Teva Loses Decision on Validity of Third Copaxone Patent

Updated on
  • Mylan, Amneal win patent office ruling on Teva’s MS drug
  • Two other patents were already deemed invalid by U.S. agency

Teva Pharmaceutical Industries Ltd. had a third patent on its top-selling multiple sclerosis drug, Copaxone, invalidated Thursday by a U.S. agency, a further blow to its bid to block generic versions of a drug that accounts for 20 percent of its revenue.

The Patent Trial and Appeal Board sided with Mylan NV and Amneal Pharmaceuticals LLC in ruling that the patent covering the drug’s thrice-weekly dosage never should have been issued. Teva’s next step is to ask the board to reconsider that decision, and to petition an appeals court that specializes in patent law.

The ruling is a further strike against Teva -- the board previously said two other patents regarding the dosage were also invalid. It could make it harder for the company to fend off generic-drug challengers to a medicine that generated $4 billion in 2015 sales, with $3.3 billion of it in the U.S.

Teva has a total of five patents expiring in 2030 that cover ways to administer the drug in a 40-milligram dosage three times a week.

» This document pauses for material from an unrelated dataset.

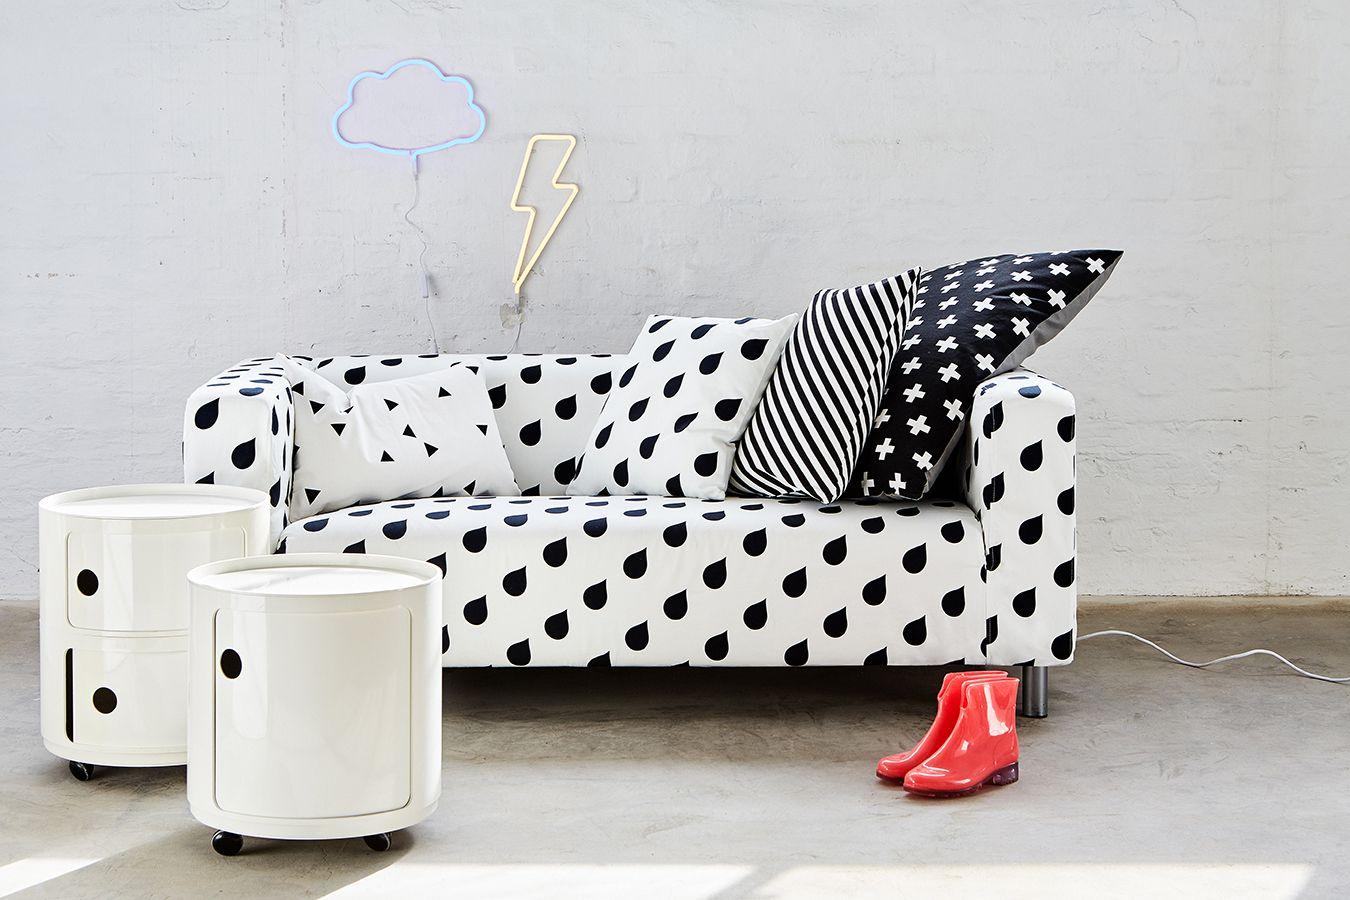 Ikea Klippan Cover Water Drops Cushions On Sofa Black White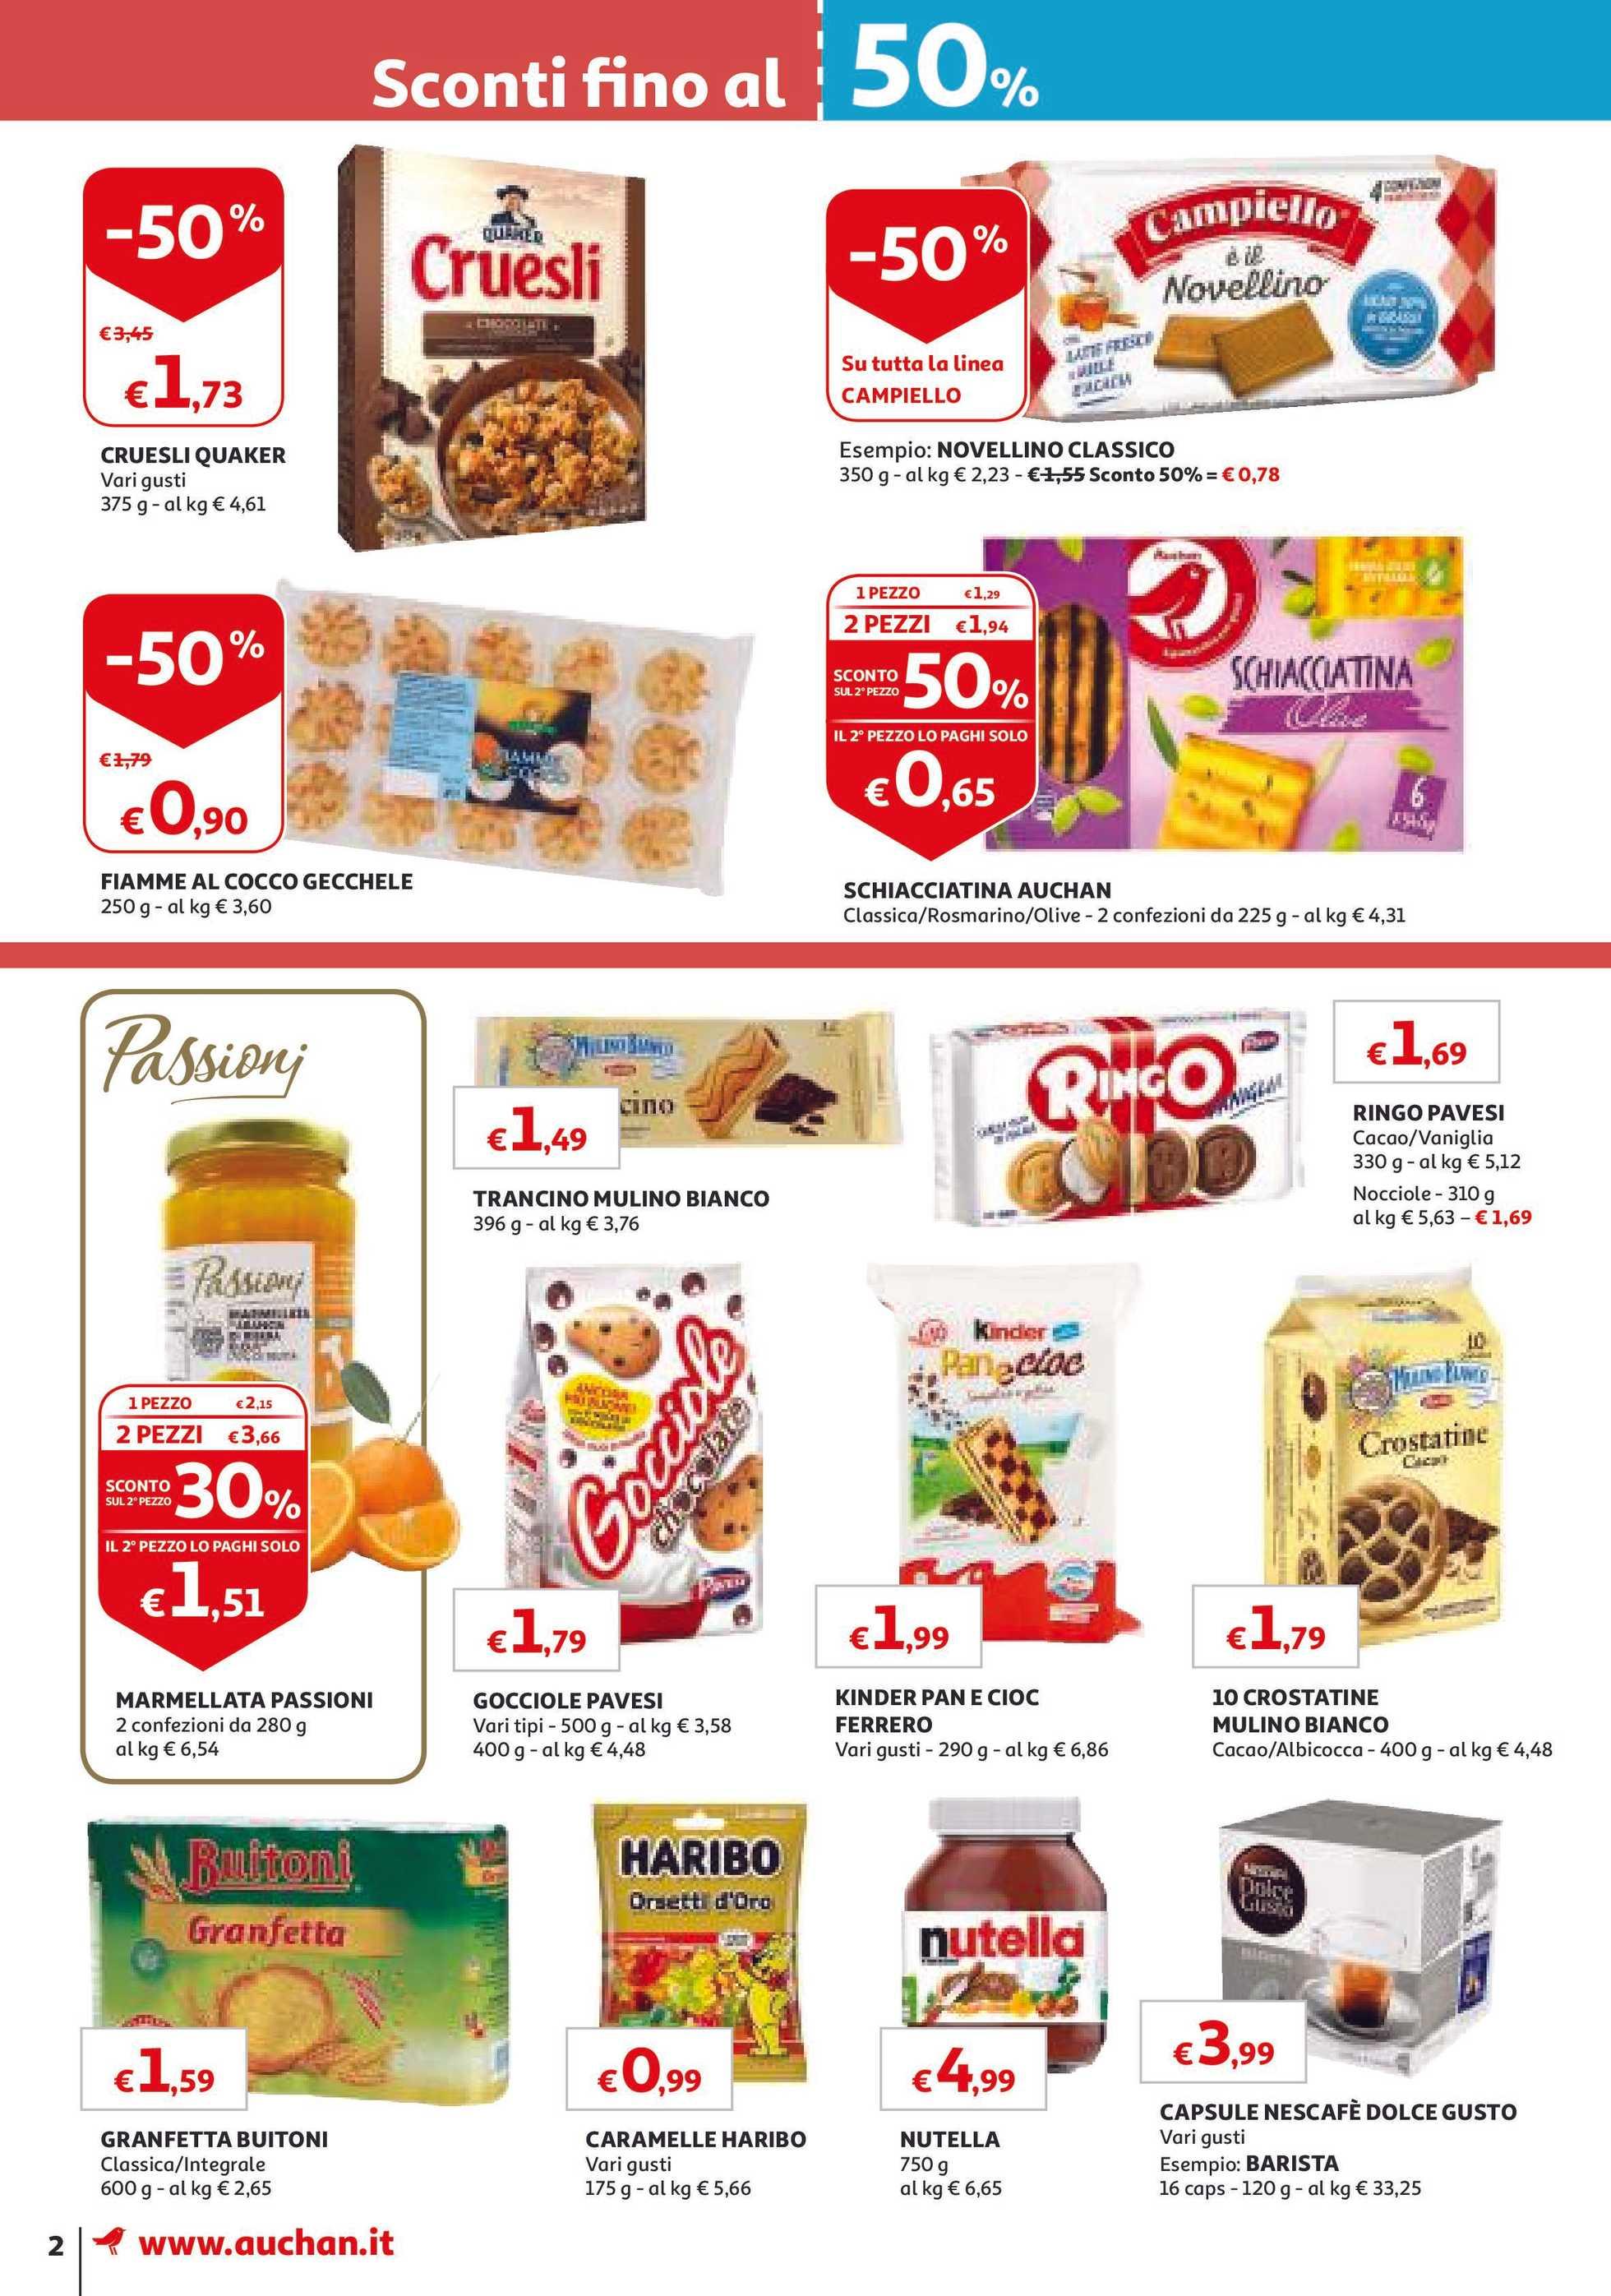 Volantino Auchan Le Ultime Offerte Itpromotonscom

The original version of Copaxone, consisting of 20 milligrams taken every day, began facing generic competition last year.

Fourth Patent

A fourth patent was unsuccessfully challenged by Mylan, though a petition filed by Amneal is pending. The fifth patent was issued Aug. 2. All five are similar in scope, but Teva is hoping there are enough differences that the failure of the first three before the agency doesn’t presage what happens to the others.

The Israel-based Teva only needs one of the patents to survive a challenge to block competition from generic-drug makers, said Aude Gerspacher, an analyst with Bloomberg Intelligence. The U.S. Food and Drug Administration can’t approve any generics until early 2017, so settlements are unlikely before then, she said.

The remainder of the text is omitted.